Directions
Retype the whole listing verbatim and keep the pictures out of it.

---------- Dataset extract ----------

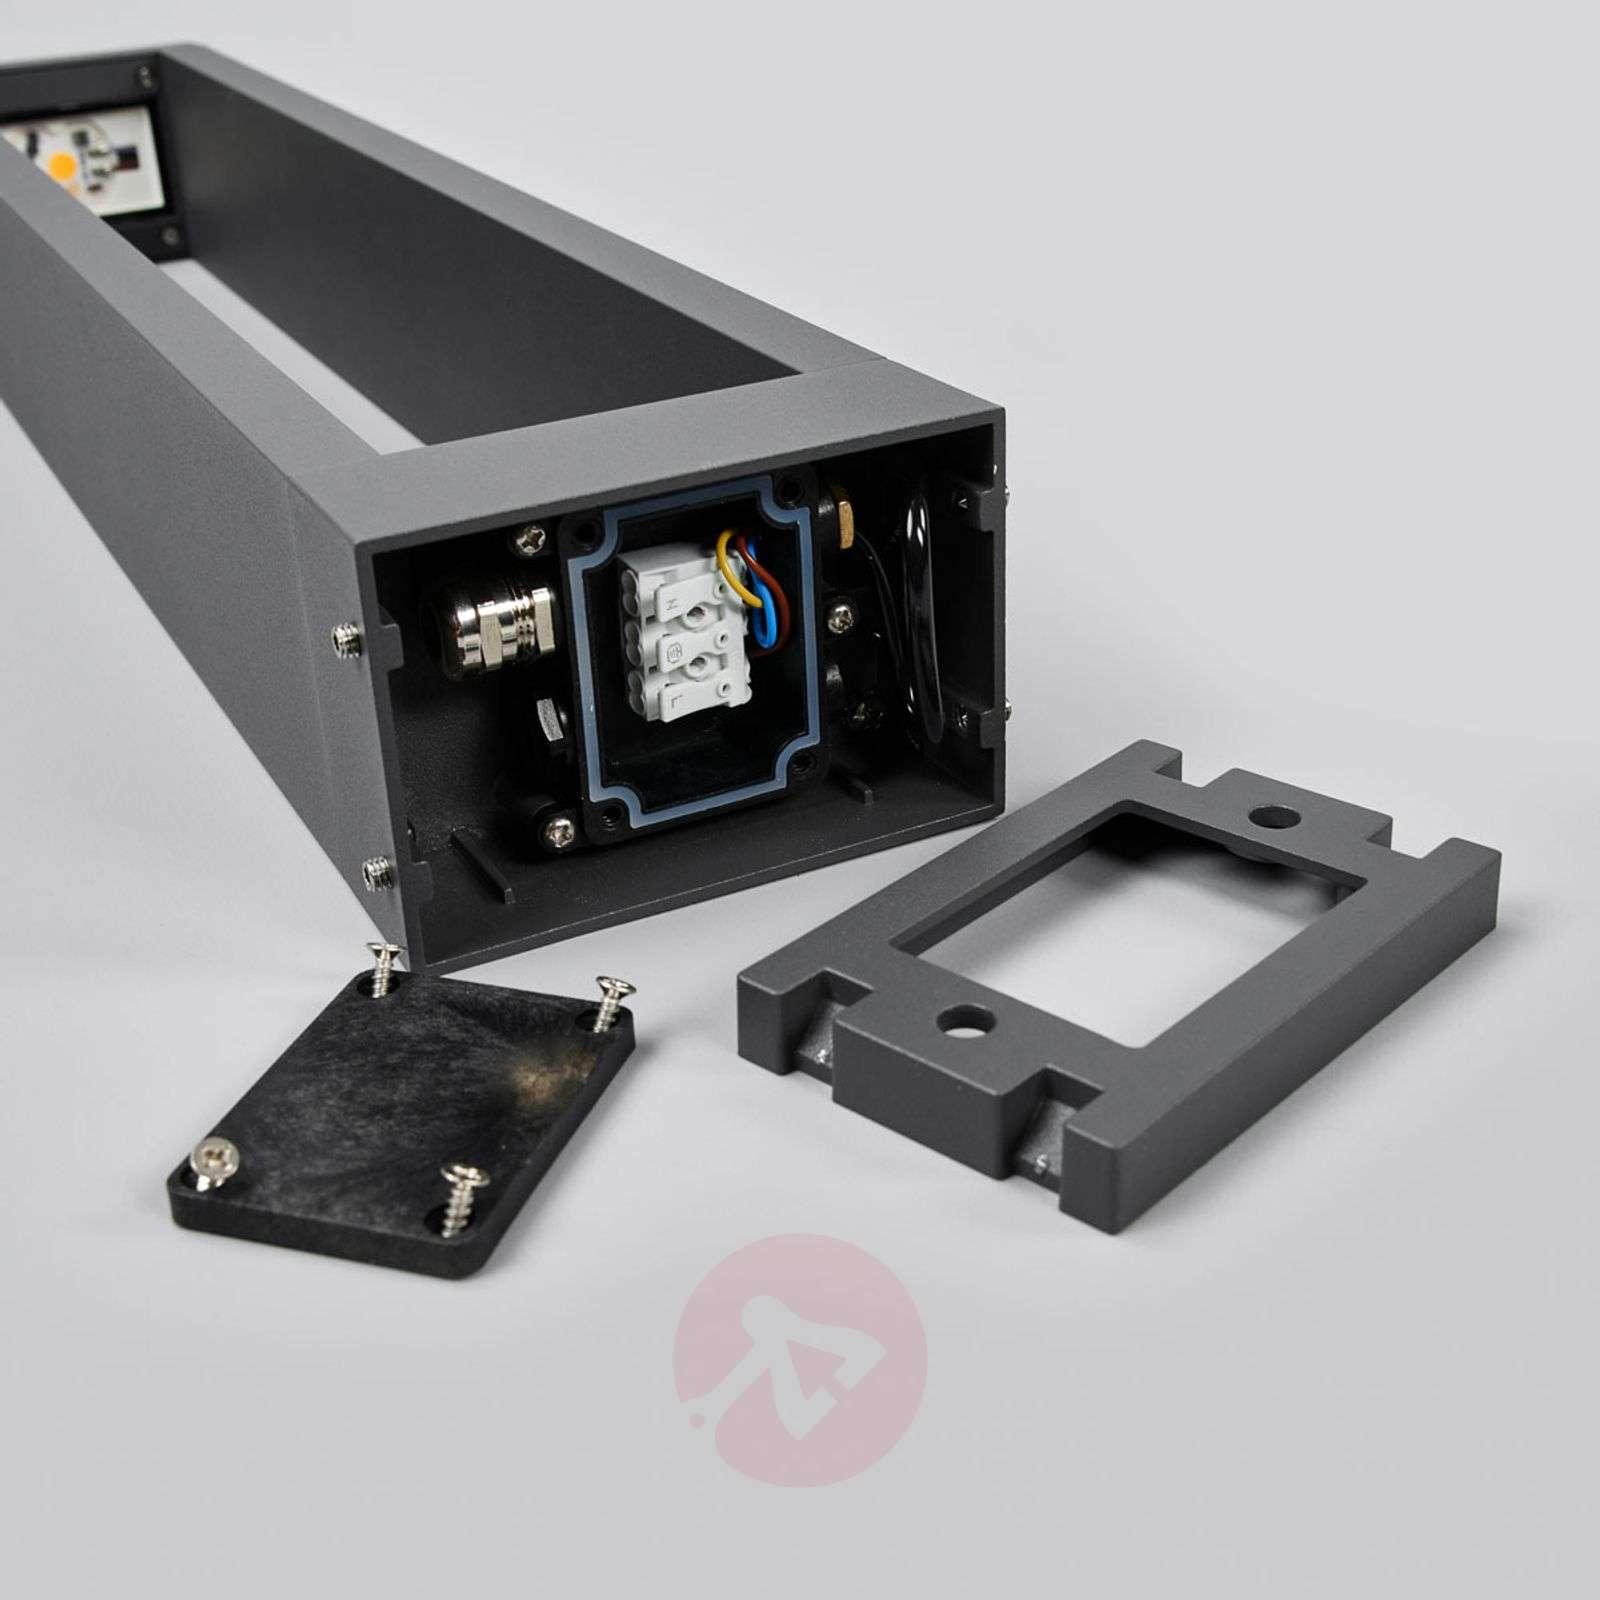 Grafiitinharmaa LED-pylväsvalo Jupp, 60 cm-9616120-01
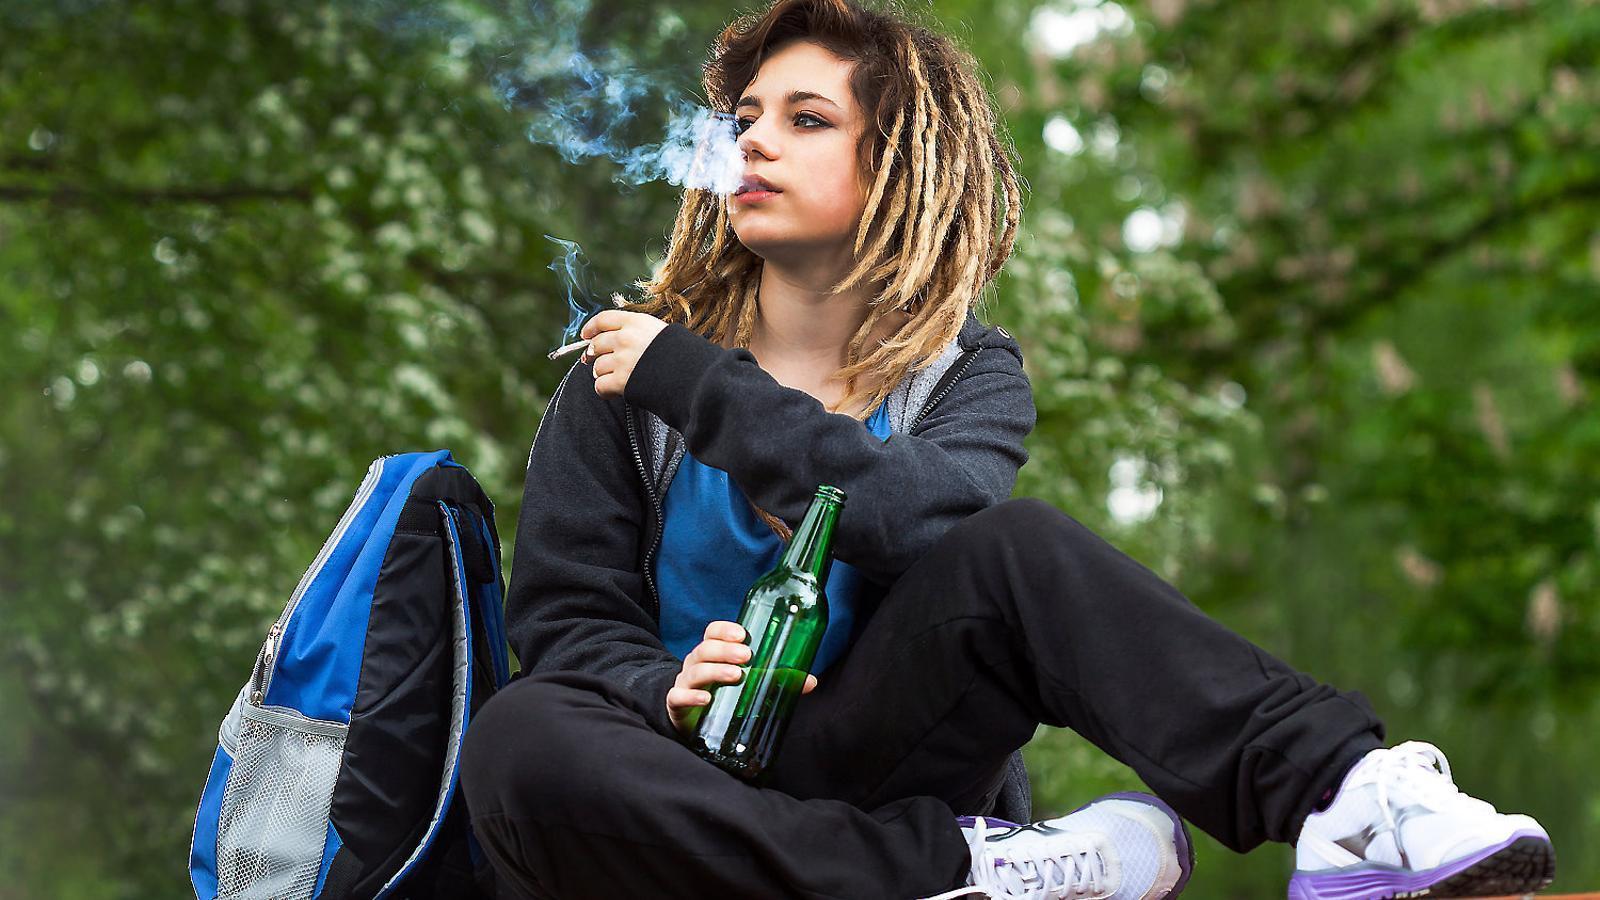 L'addicció als vídeojocs i a l'smartphone té la mateixa base neurobiològica que l'abús de drogues entre els joves
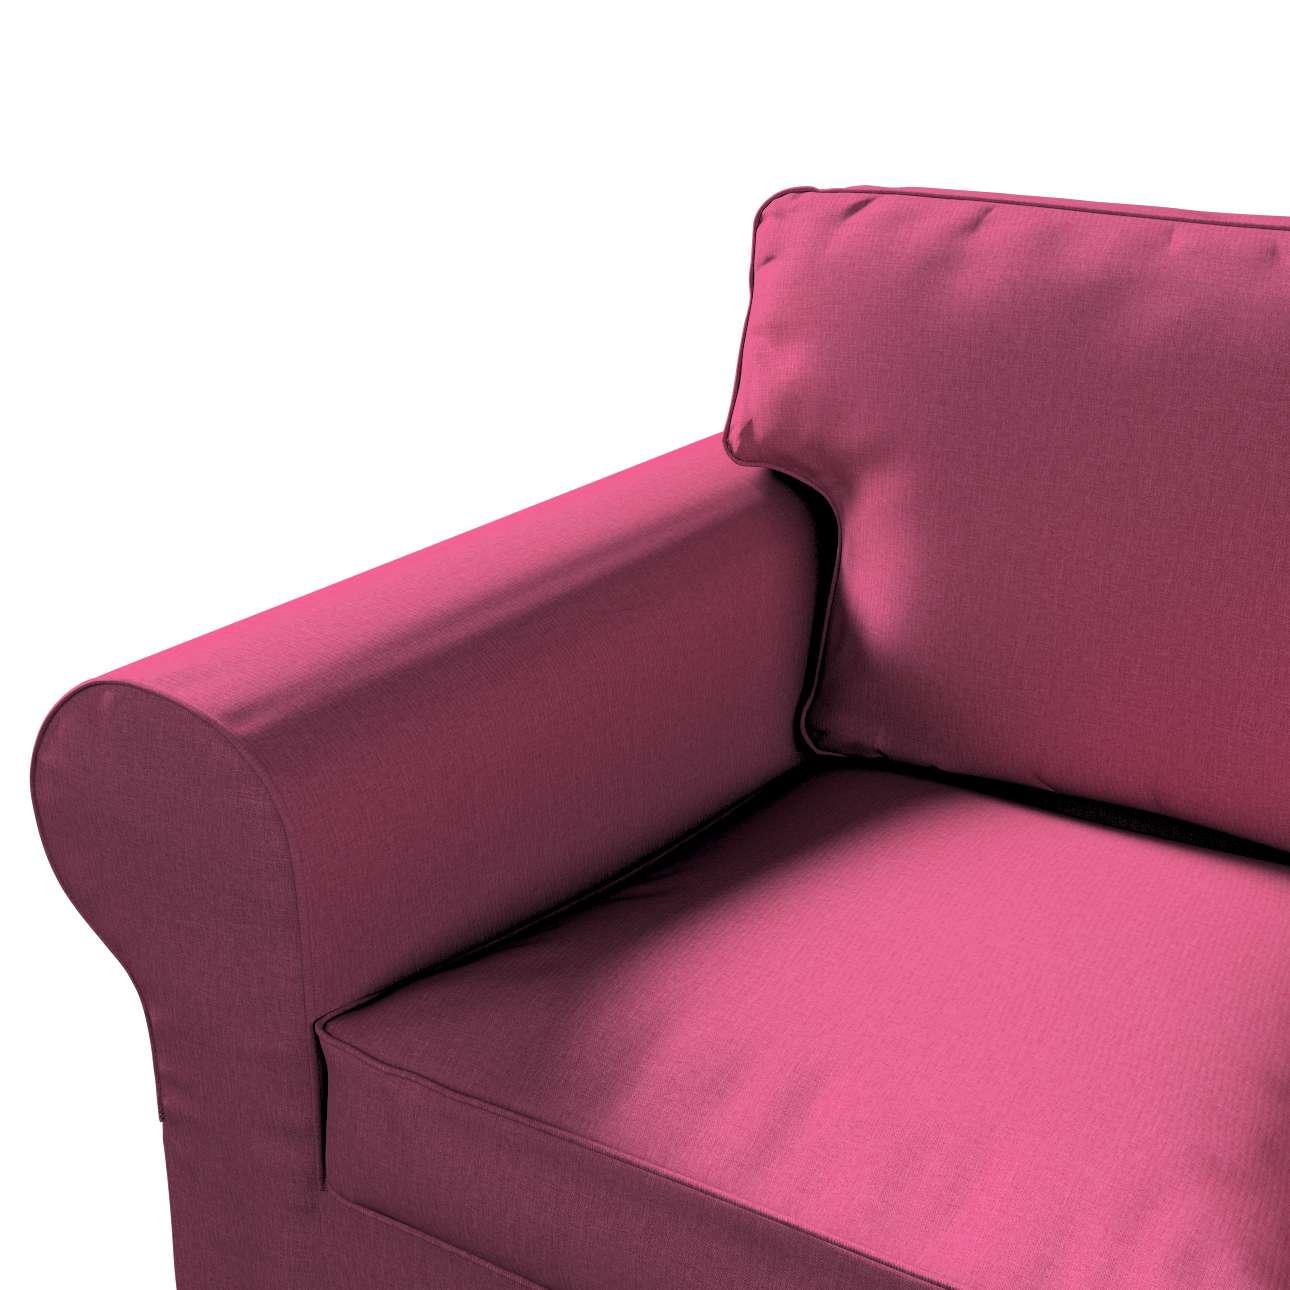 Bezug für Ektorp 2-Sitzer Schlafsofa NEUES Modell von der Kollektion Living, Stoff: 160-44
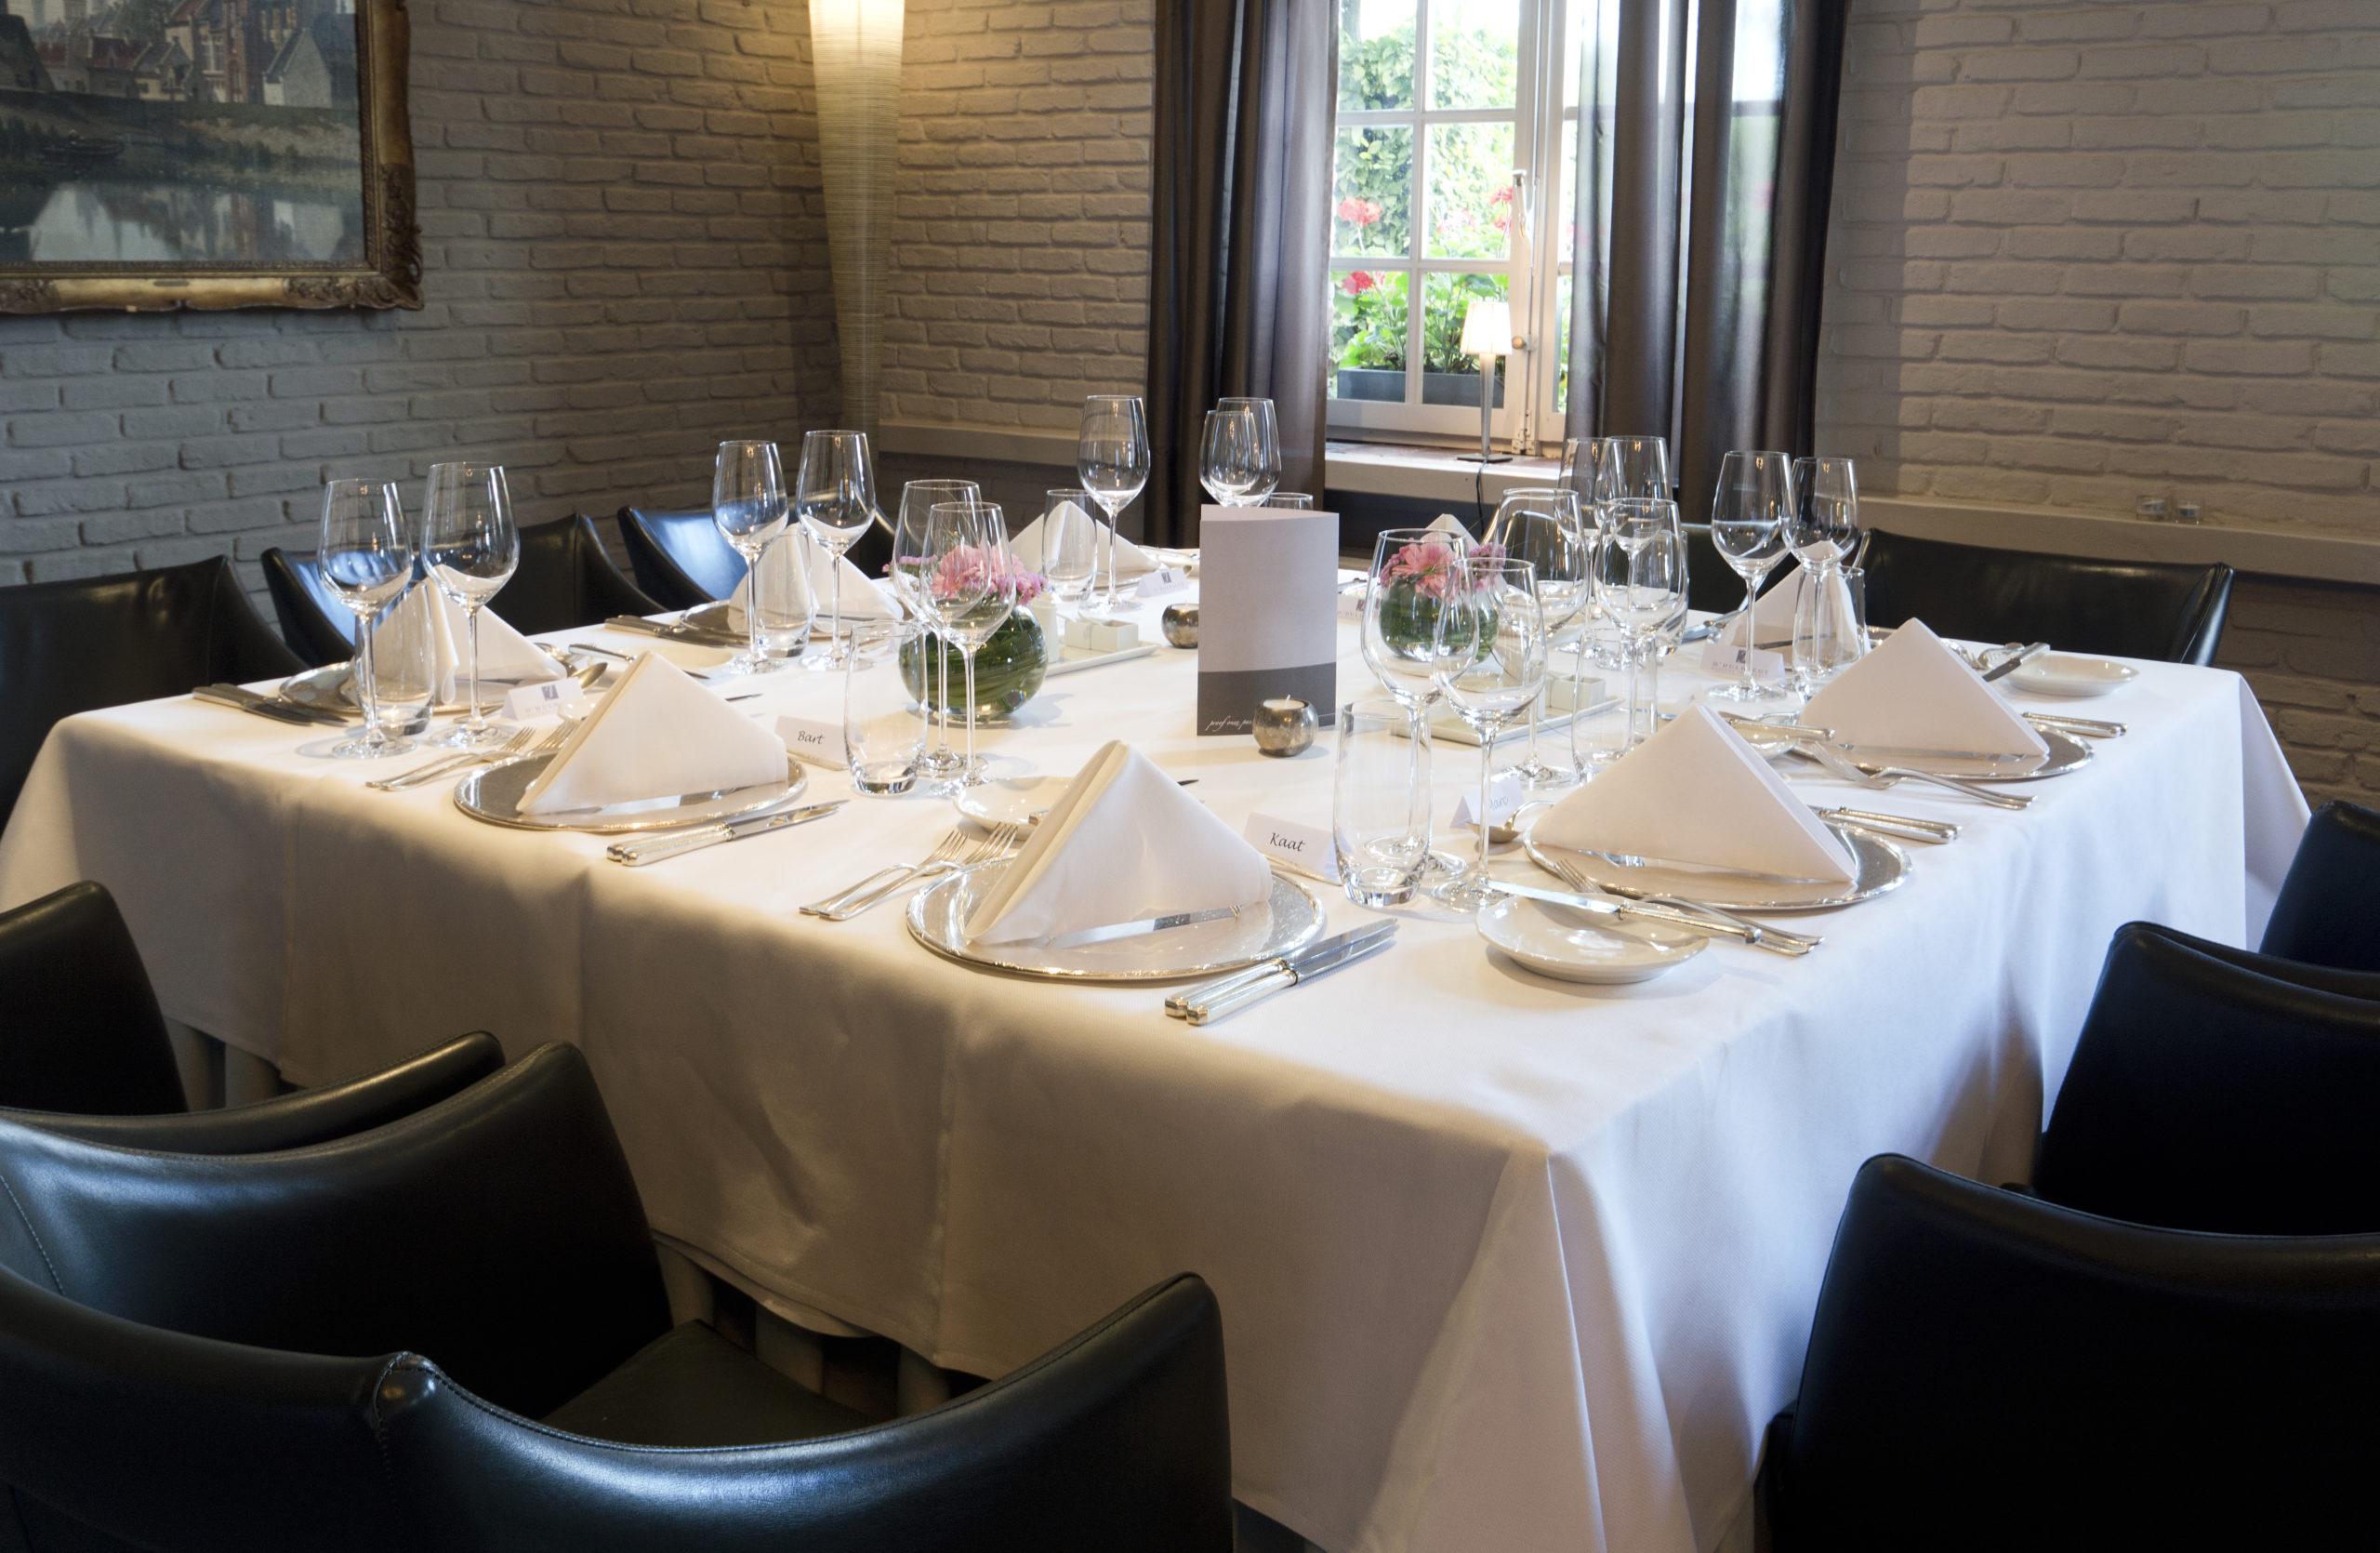 20140816-dhulhaege-restaurant-05

----------

Solution for this task
 Grafiitinharmaa LED-pylväsvalo Jupp, 60 cm-9616120-01
 L'addicció als vídeojocs i a l'smartphone té la mateixa base neurobiològica que l'abús de drogues entre els joves
 Bezug für Ektorp 2-Sitzer Schlafsofa NEUES Modell von der Kollektion Living, Stoff: 160-44
 20140816-dhulhaege-restaurant-05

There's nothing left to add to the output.